→ **Directions**: If pictures appear among the lines below, leave them out while you return exactly the lines from the one with "Central character from" through the one with "Ambient online ao main logo new 1576264540".

→ **Given records**:
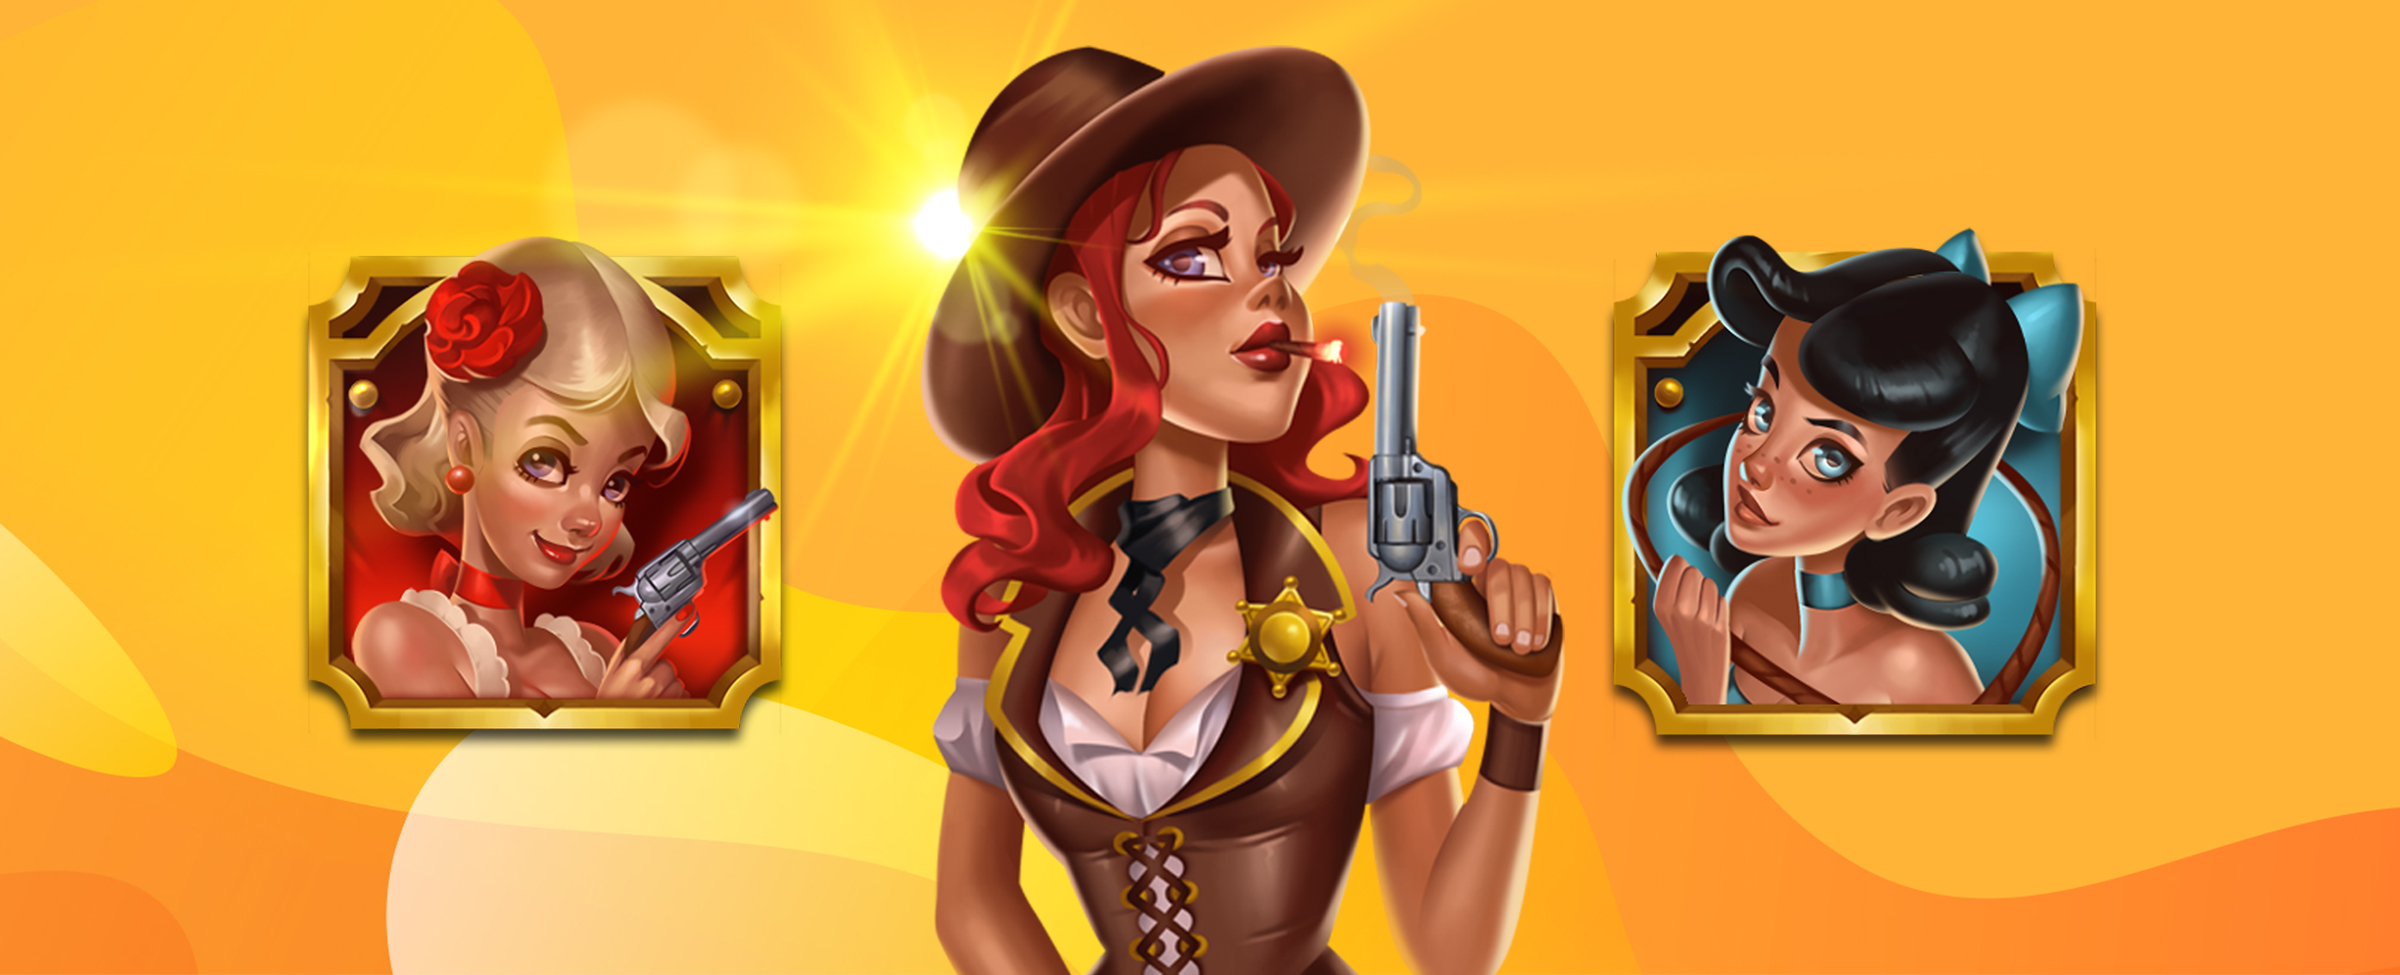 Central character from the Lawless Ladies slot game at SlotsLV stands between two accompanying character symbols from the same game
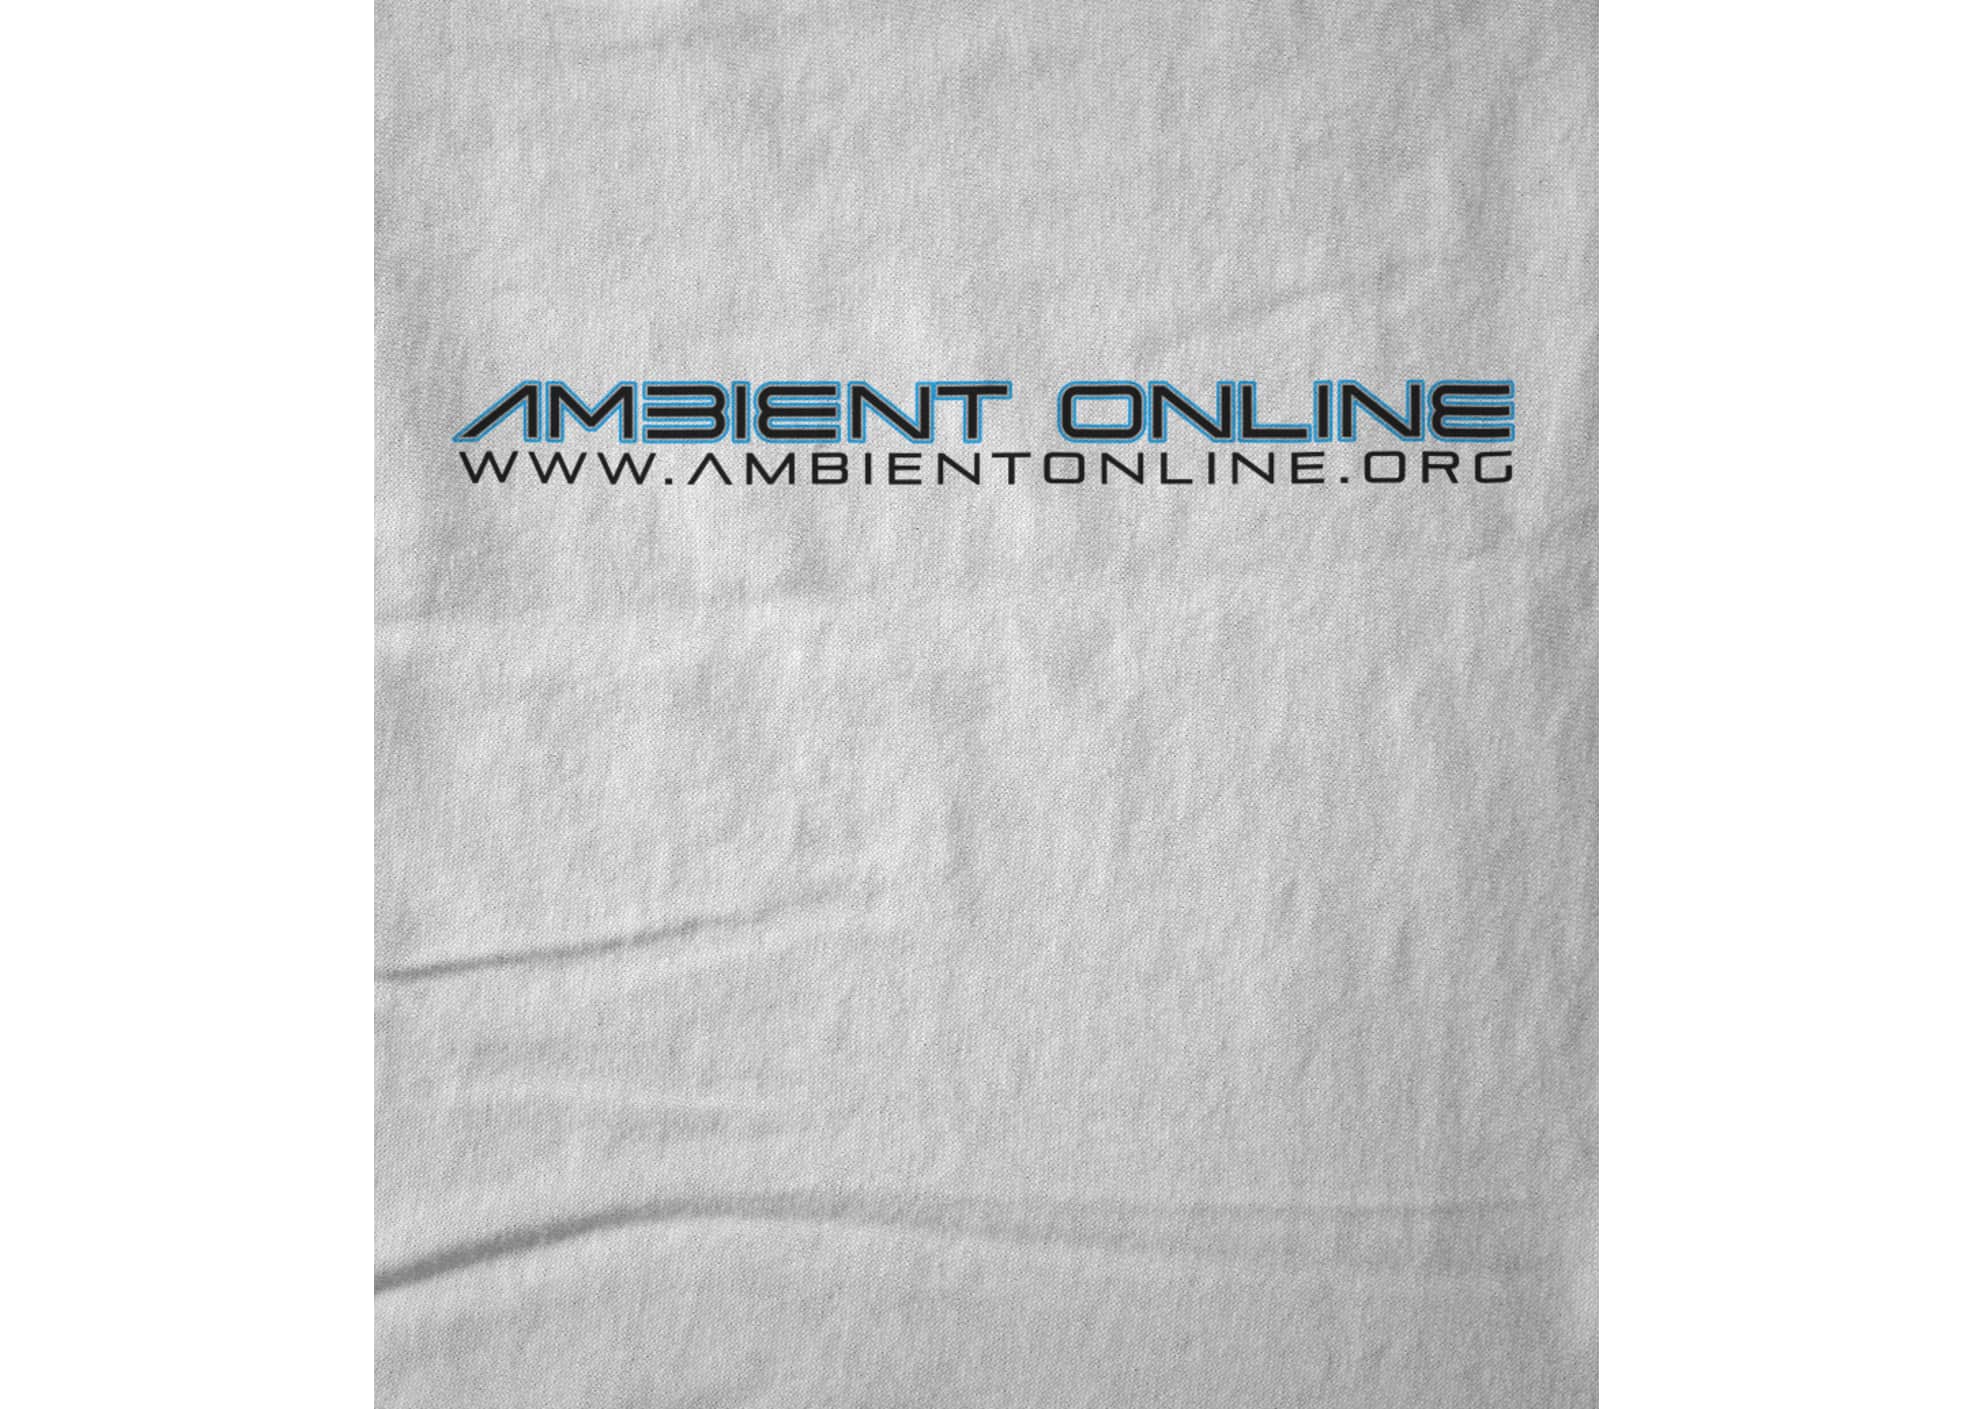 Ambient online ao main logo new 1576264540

--

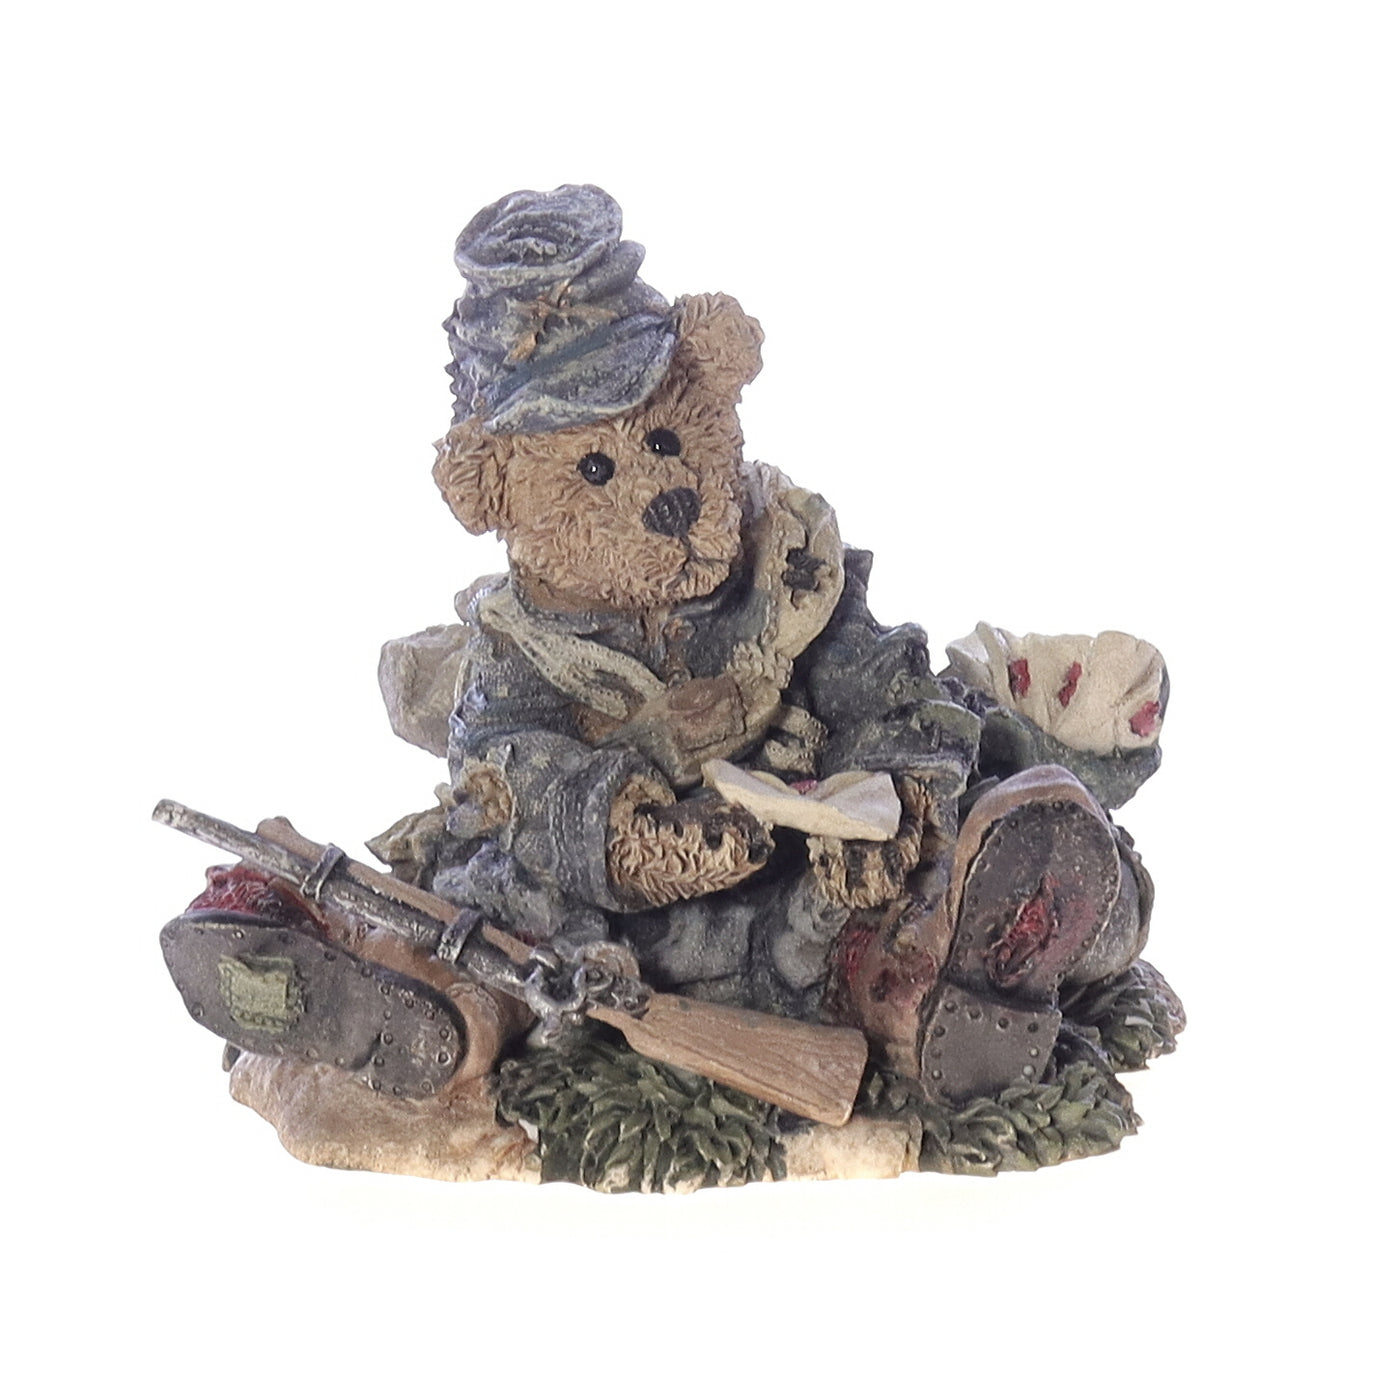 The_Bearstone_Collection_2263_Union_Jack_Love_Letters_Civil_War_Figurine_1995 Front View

→ **Finished task**:
 Central character from the Lawless Ladies slot game at SlotsLV stands between two accompanying character symbols from the same game
 Ambient online ao main logo new 1576264540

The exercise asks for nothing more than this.